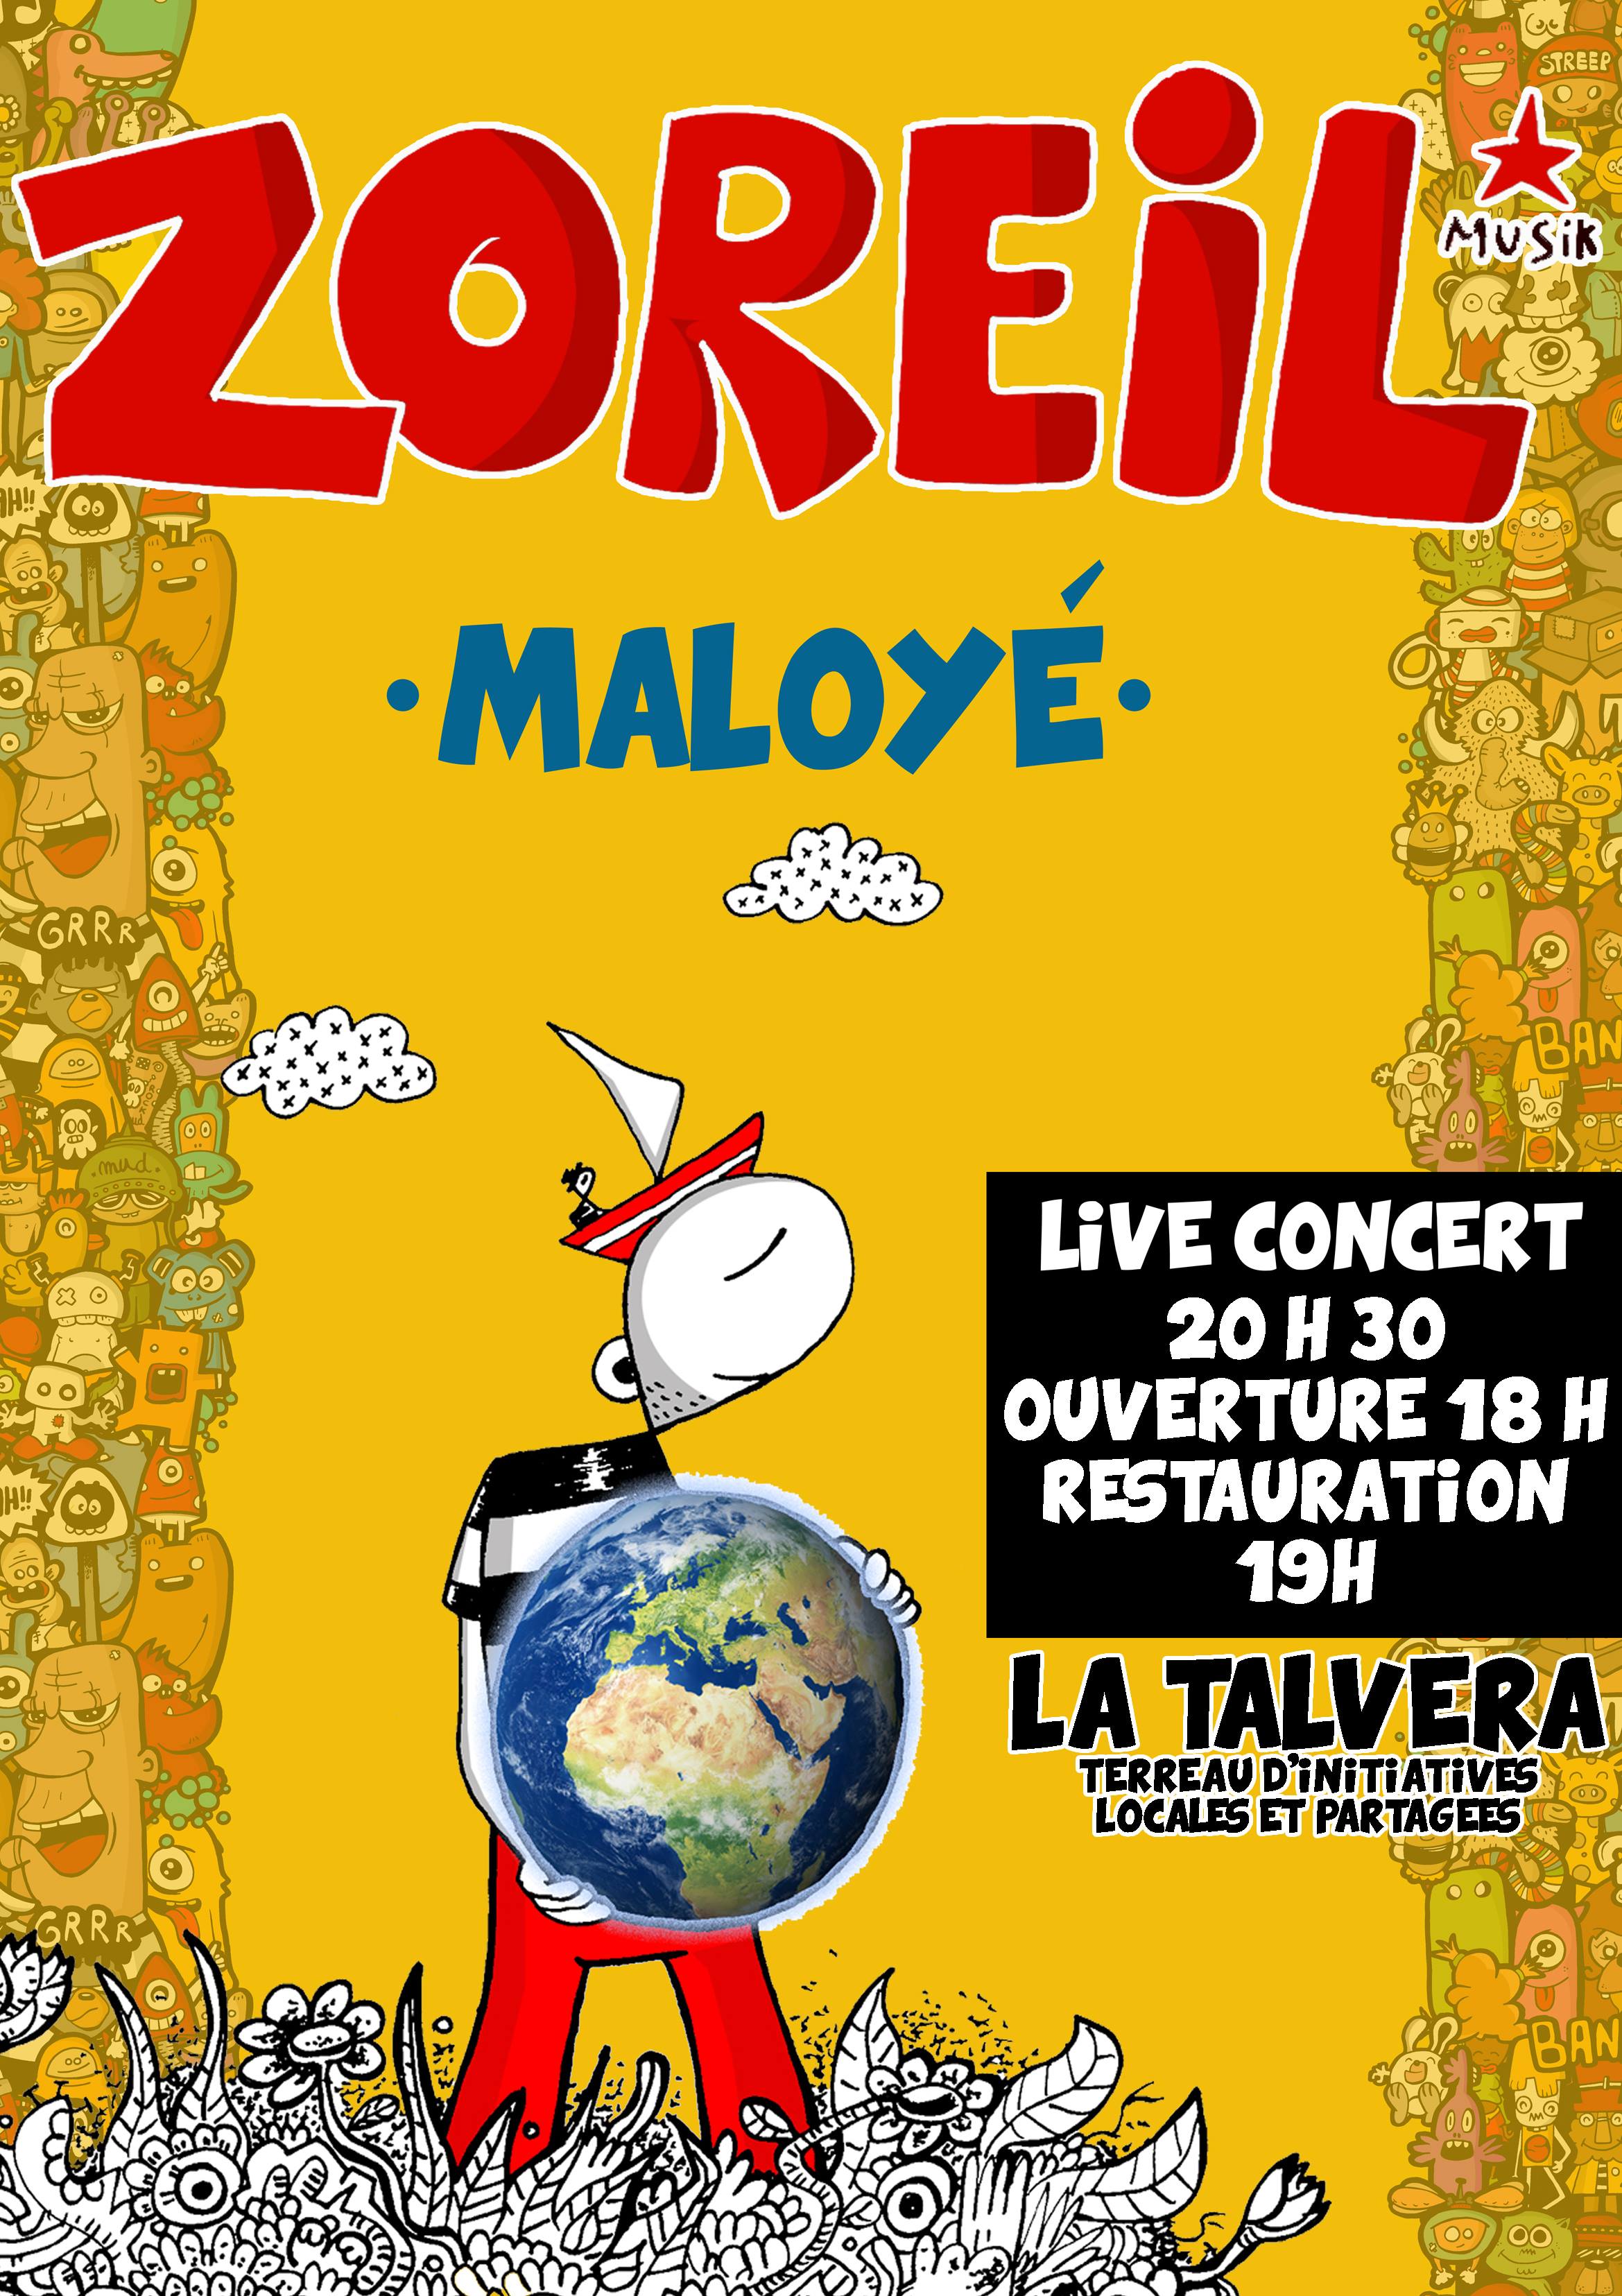 Concert "ZOREIL" - Fusion Maloya - le 13 Décembre :)
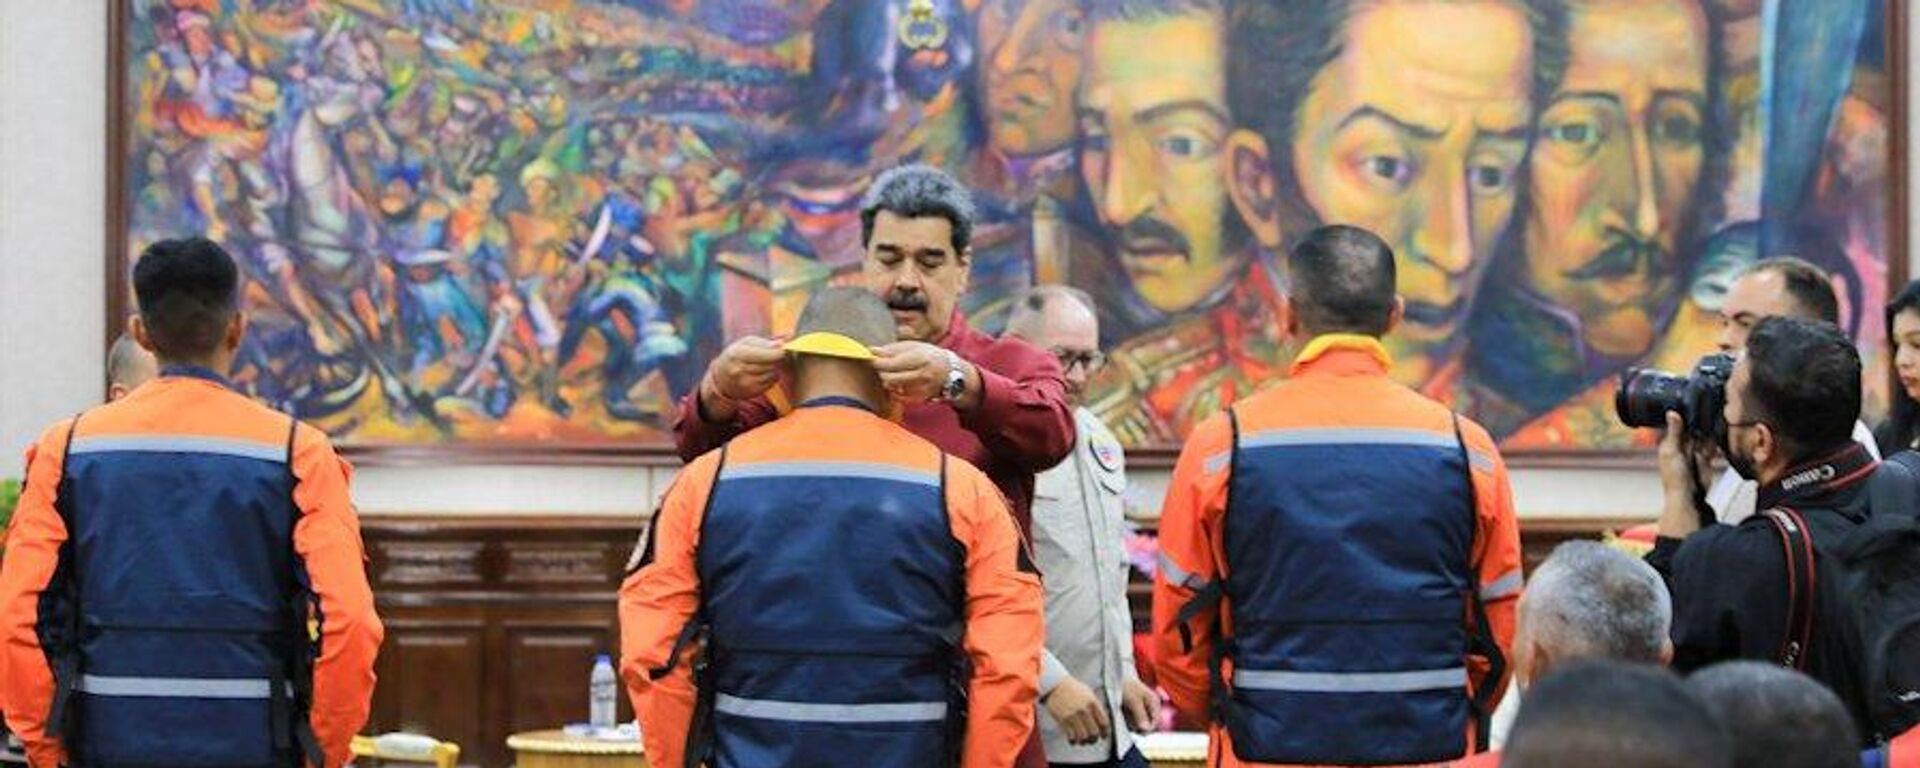 Venezüella Devlet Başkanı Nicolas Maduro, Kahramanmaraş merkezli depremlerin ardından Türkiye'de arama kurtarma çalışmalarına katılan Venezüellalı ekip üyelerine Francisco de Miranda nişanı takdim etti. - Sputnik Türkiye, 1920, 25.02.2023
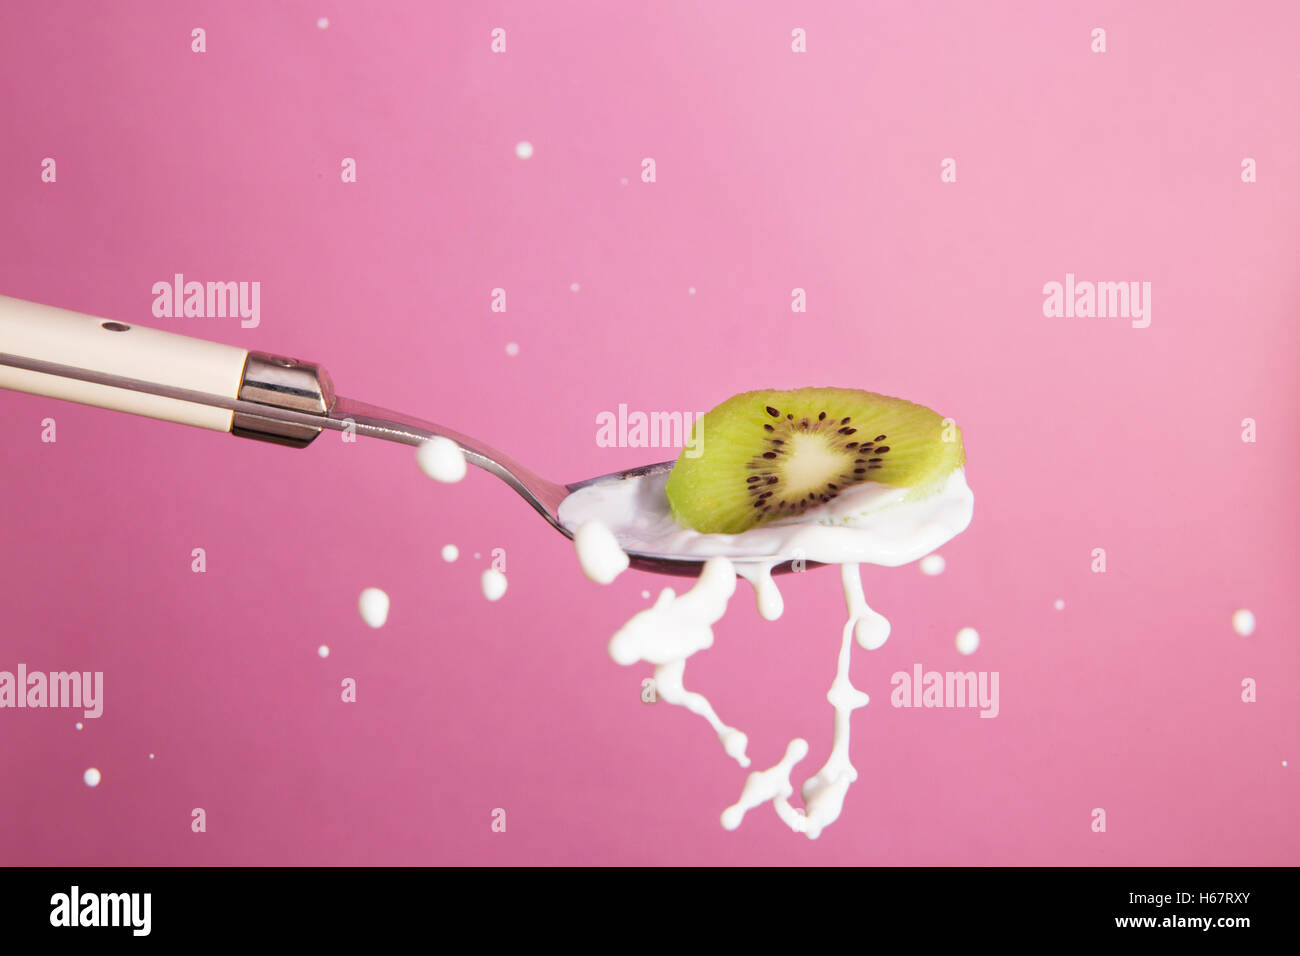 Splash ritratto del cucchiaio con kiwi e latte Foto Stock

■ What this task involves
Only the lines between the one containing "Venezüella Devlet Başkanı" and the last line of the listing above, both included, should be written out, exactly and without pictures.

■ Reply
 Venezüella Devlet Başkanı Nicolas Maduro, Kahramanmaraş merkezli depremlerin ardından Türkiye'de arama kurtarma çalışmalarına katılan Venezüellalı ekip üyelerine Francisco de Miranda nişanı takdim etti. - Sputnik Türkiye, 1920, 25.02.2023
 Splash ritratto del cucchiaio con kiwi e latte Foto Stock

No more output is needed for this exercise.